Vatican officials realize that no one likes being told no. Every time Rome silences a theologian, or tells a priest to get out of politics, or turns down a document from a bishops’ conference, or orders a Catholic seminary to pull a textbook, Vatican officials know somebody’s going to be unhappy. They also know such crackdowns are likely to generate bad press—sometimes just a rumble, sometimes an avalanche. They realize that these moves can divide the Church internally and blacken its eye externally. While some in the Holy See may pride themselves on displaying nerves of steel in the teeth of such controversy, the vast majority do not seek opportunities to knock heads simply to get a few notches in their belt. The stakes have to be fairly high before most Vatican officials will be willing to intervene.

That said, perceptions as to just what the stakes are, and when they’re high enough to justify action, can be very different in Rome than in other places. To outsiders, Vatican choices can occasionally seem not just debatable, but almost inexplicable. Such was the case in mid-November 1997, for example, when the Holy See released a document titled
Instruction on the Collaboration of the Non-ordained Faithful in the
Sacred Ministry of Priests
. The prefects of eight congregations signed the letter (technically known as an interdicasterial document) and the Pope approved it. Among its other provisions, the document stipulated that:

Only a priest can direct, coordinate, moderate, or govern a parish.

Laity may not assume titles such as pastor, chaplain, coordinator, moderator, which can confuse their role with that of the pastor, who is always a bishop or priest.

The homily during Mass must be reserved to the priest or deacon, even if laypeople act as pastoral assistants or catechists.

In Eucharistic celebrations, deacons or laity may not pronounce prayers or any other parts of the liturgy.

Laity may not wear sacred vestments (stoles, chasubles, or dalmatics).

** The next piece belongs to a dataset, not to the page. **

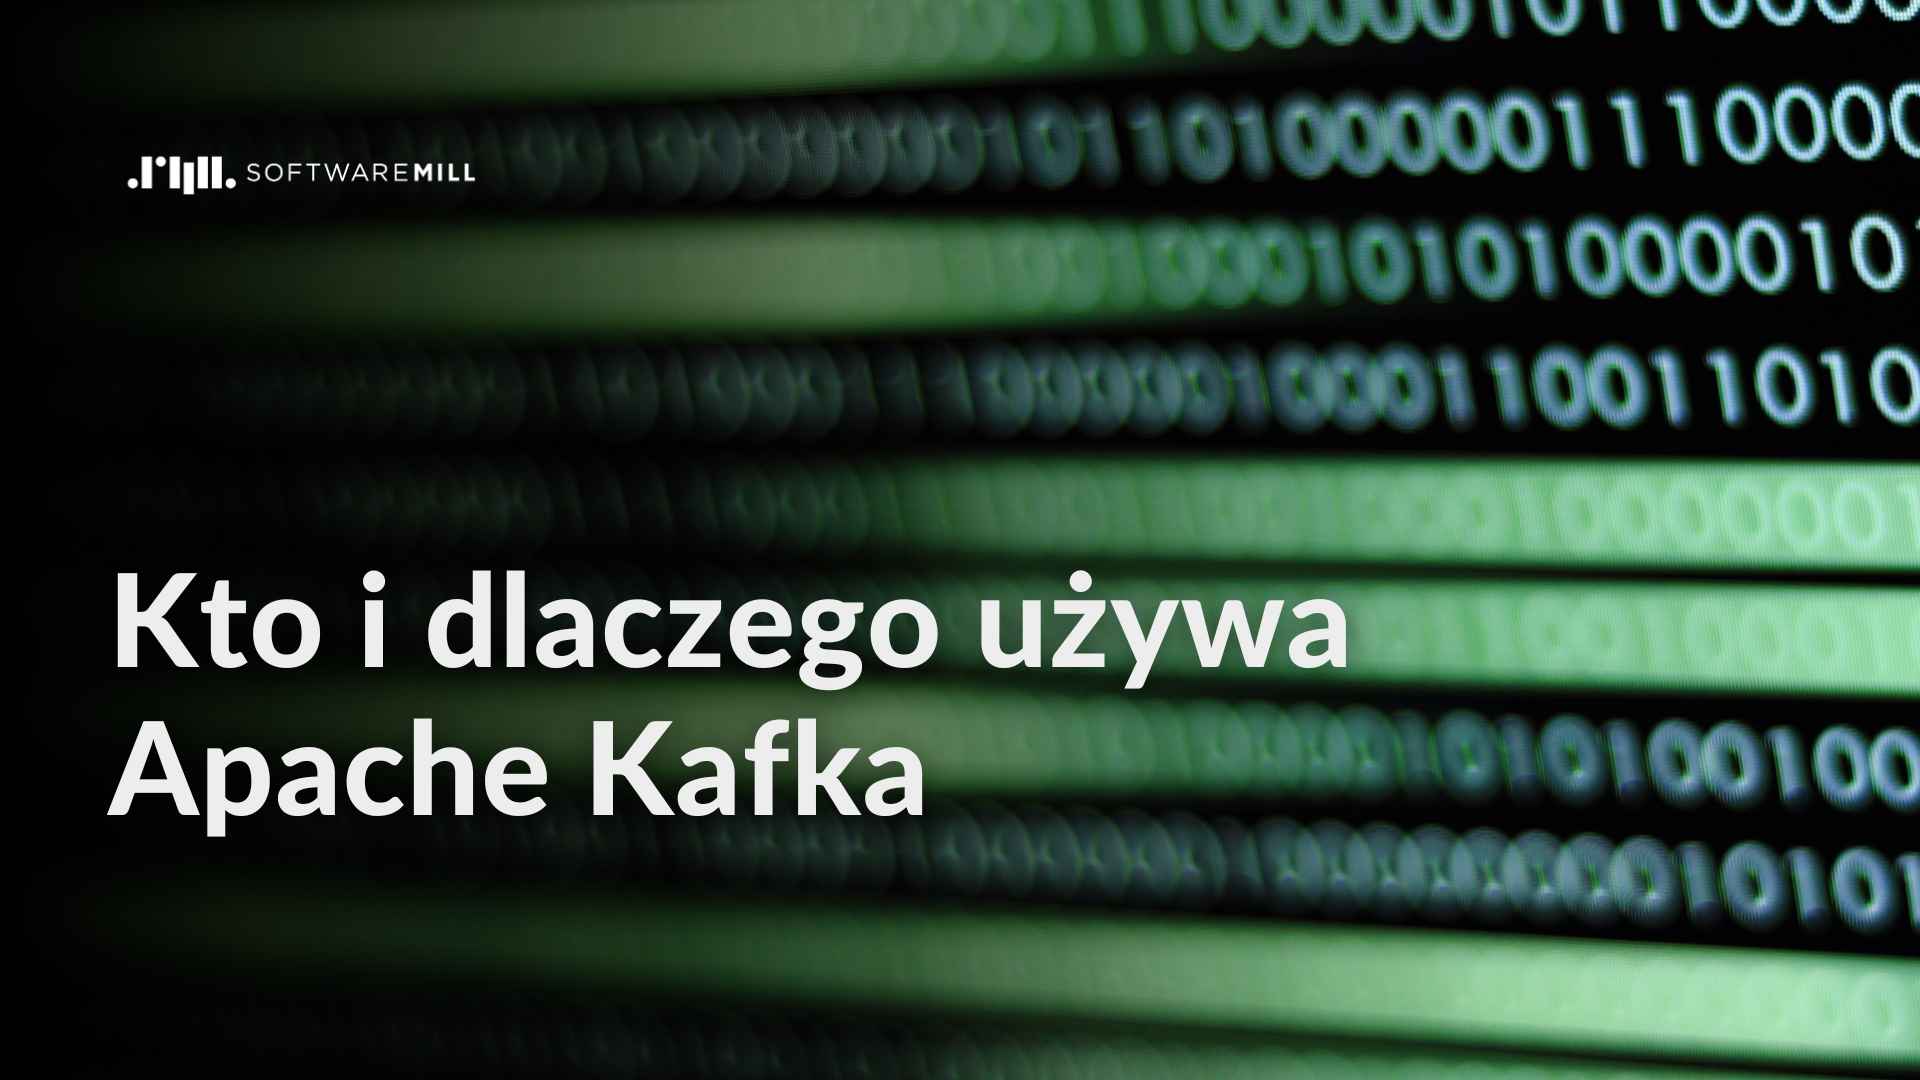 Kto i dlaczego używa Apache Kafka webp image

Laity may distribute Communion only when there are no ordained ministers, or when those ordained ministers are unable to distribute Communion.

Reaction was, for the most part, predictably hostile. The document was widely seen as a naked attempt to keep the laity “in their place." In some instances, its edicts also seemed completely impractical. To take one example, some 80 percent of hospital chaplains in the United States are laity. Trying to fill those positions with clergy in an era of priest shortages would be an exercise in futility. Many commentators were amused that the Vatican considered the use of the title “chaplain" by lay people a serious enough crisis that it required the heads of eight dicasteries to handle it. It seemed almost a self-parodying variant of, “How many Vatican officials does it take to screw in a light-bulb?" The same incredulity surrounded the document’s apparent fear that the sky would fall in if a layperson donned a stole at Mass or distributed Communion on a regular basis. Reflecting this climate of opinion, most reporters presented the document almost entirely as an assertion of Vatican power. The story was one of those cases where journalists fell back on what they knew, power politics, to explain a Vatican move that otherwise seemed irrational.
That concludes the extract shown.